If you become a candidate for a mouth guard due to any of the reasons stated earlier, your dentist will analyze your needs and make a proper recommendation. Also with the professional supervision and oversight that a dentist provides, you can quickly identify any adjustments that may need to be made over time.
When Is A Mouth Guard Used?
1. In Contact Sports
They are used in sports where there is a high chance that the face and jaw may be hit, for example, baseball, boxing, mixed martial arts, rugby, wrestling, and football. They may also prevent or reduce the extent of a concussion in the event of an injury to the jaw. A lot of these sports make the use of a mouth guard compulsory.
2. To Reduce Strain Over The Joint
Dentists utilize night guards as a means to reduce strain over the joint in the jaw region (temporomandibular joint) in patients with joint disorders. This helps in correcting the condition and also for alleviating pain and other symptoms.
With regular use of a night guard, the symptoms are less severe. There are fewer headaches, less clenching, less popping and clicking of the jaw.
3. To Prevent Wearing Down Of The Teeth In Bruxism
This is usually worn at night and is called a night guard. Individuals who suffer from bruxism(teeth grinding) benefit from using a night guard because it helps achieve a better quality of sleep.

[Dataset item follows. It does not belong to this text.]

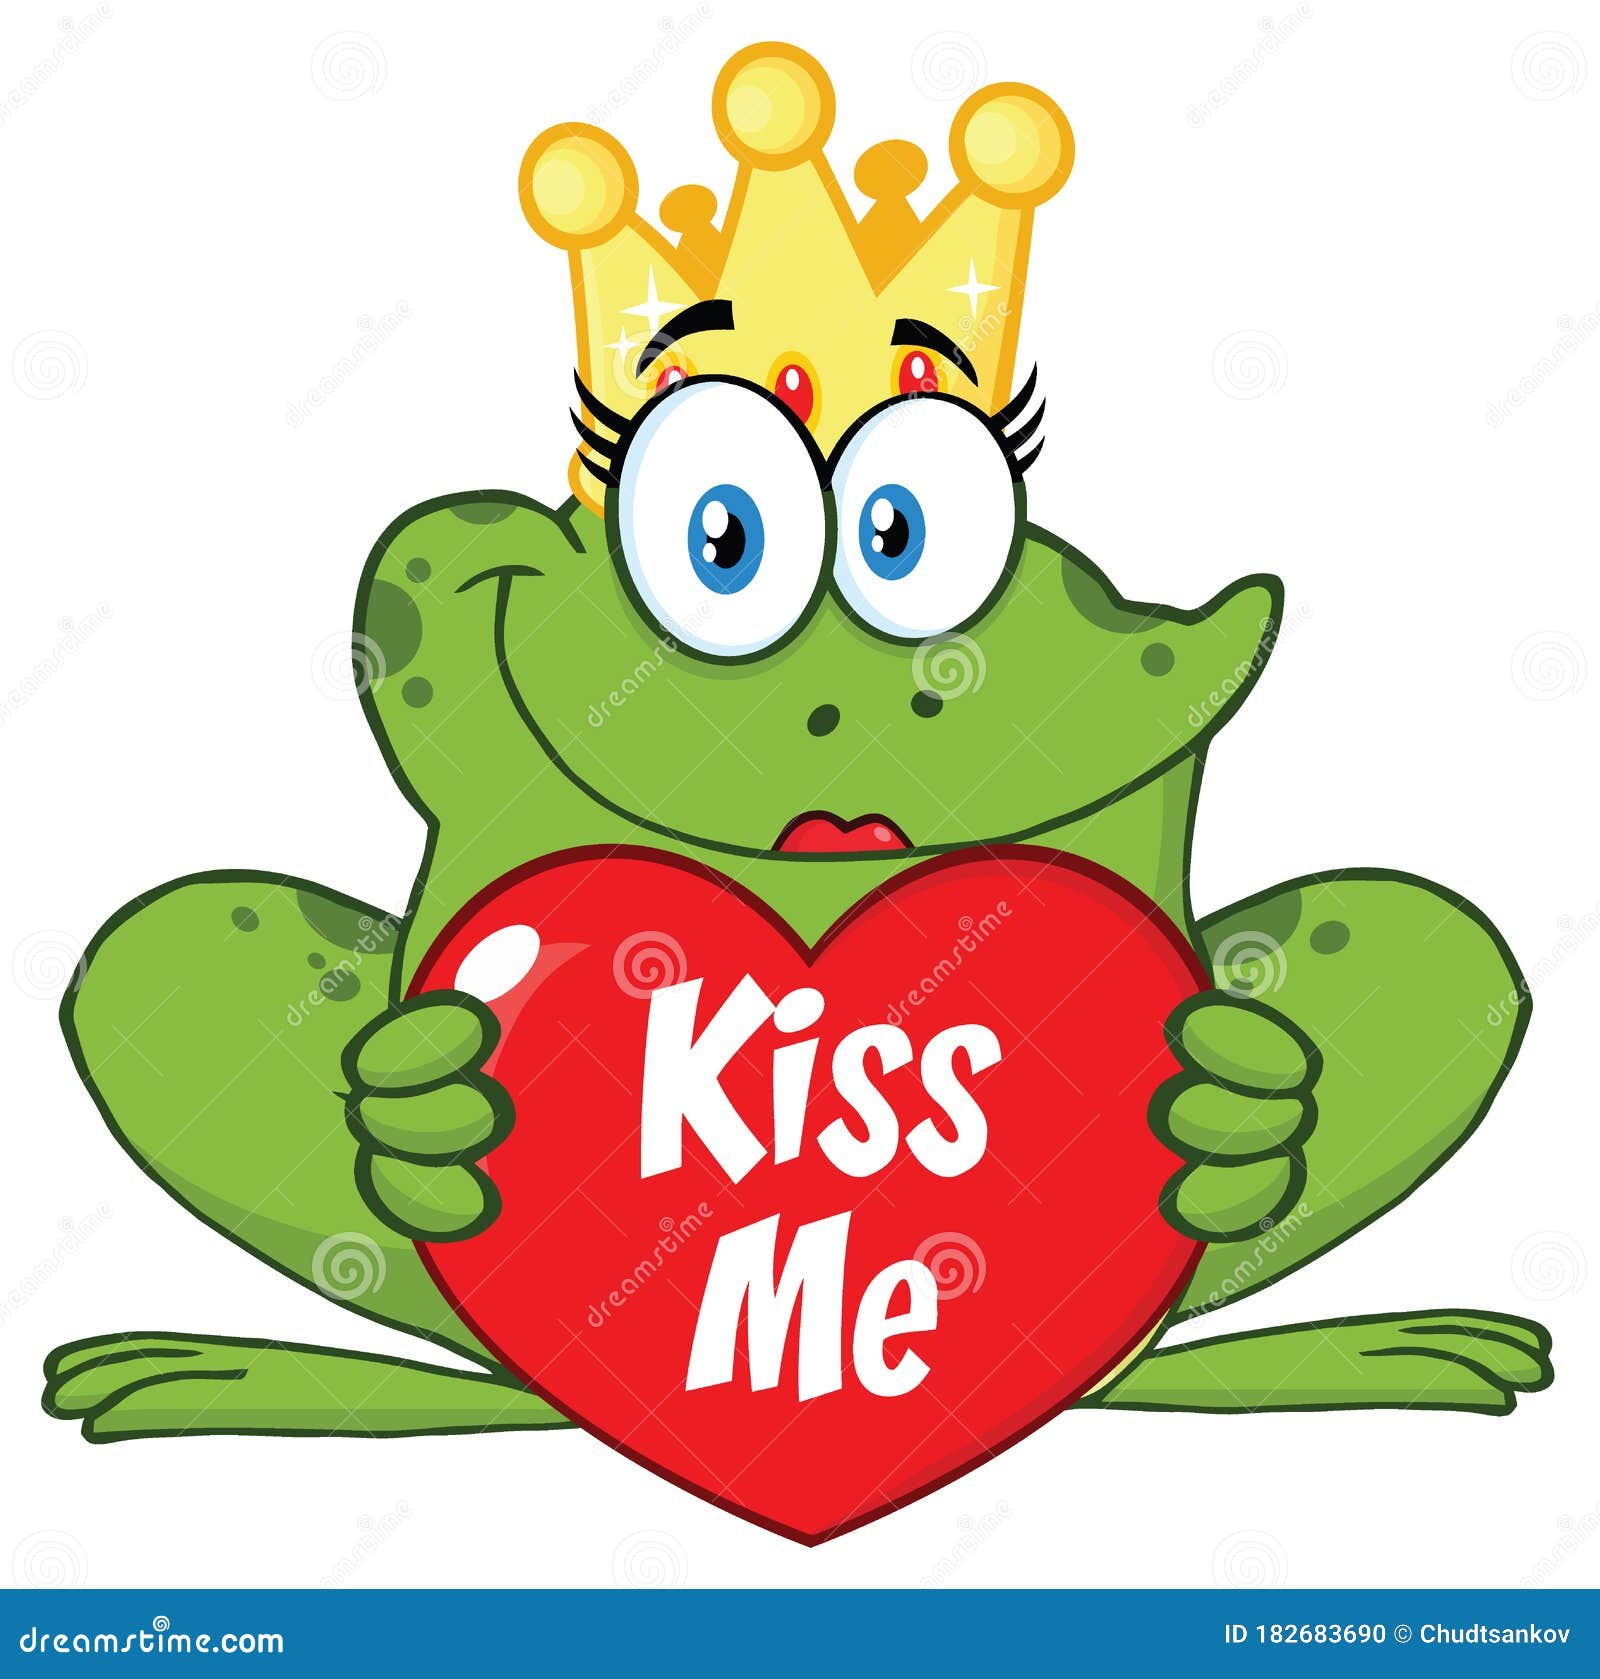 Cute Princess Frog Cartoon Mascot Character with Crown Holding a Love Heart  with Text Kiss Me Stock Illustration - Illustration of female, greeting:  182683690

It also helps prevent sore and tense muscles around the jaw from constant biting during the night. A night guard can also protect the teeth from wearing down due to grinding and pressure.
A mouth guard may be used during dental procedures like tooth bleaching so as to protect the teeth.
Mouth guards are used to treat snoring and some sleep disorders.
Mouth guards are essentially important especially in contact sports because they provide protection to the teeth and gums. They can be gotten over-the-counter at sports stores and also custom made at the dental clinic or laboratories.
In order to get the best and most effective use of a mouth guard, proper cleaning and care are very essential. It also needs to be stored in a clean, well-ventilated case when not in use.
If the cleaning guidelines are properly followed, your mouth guard should last for a long time.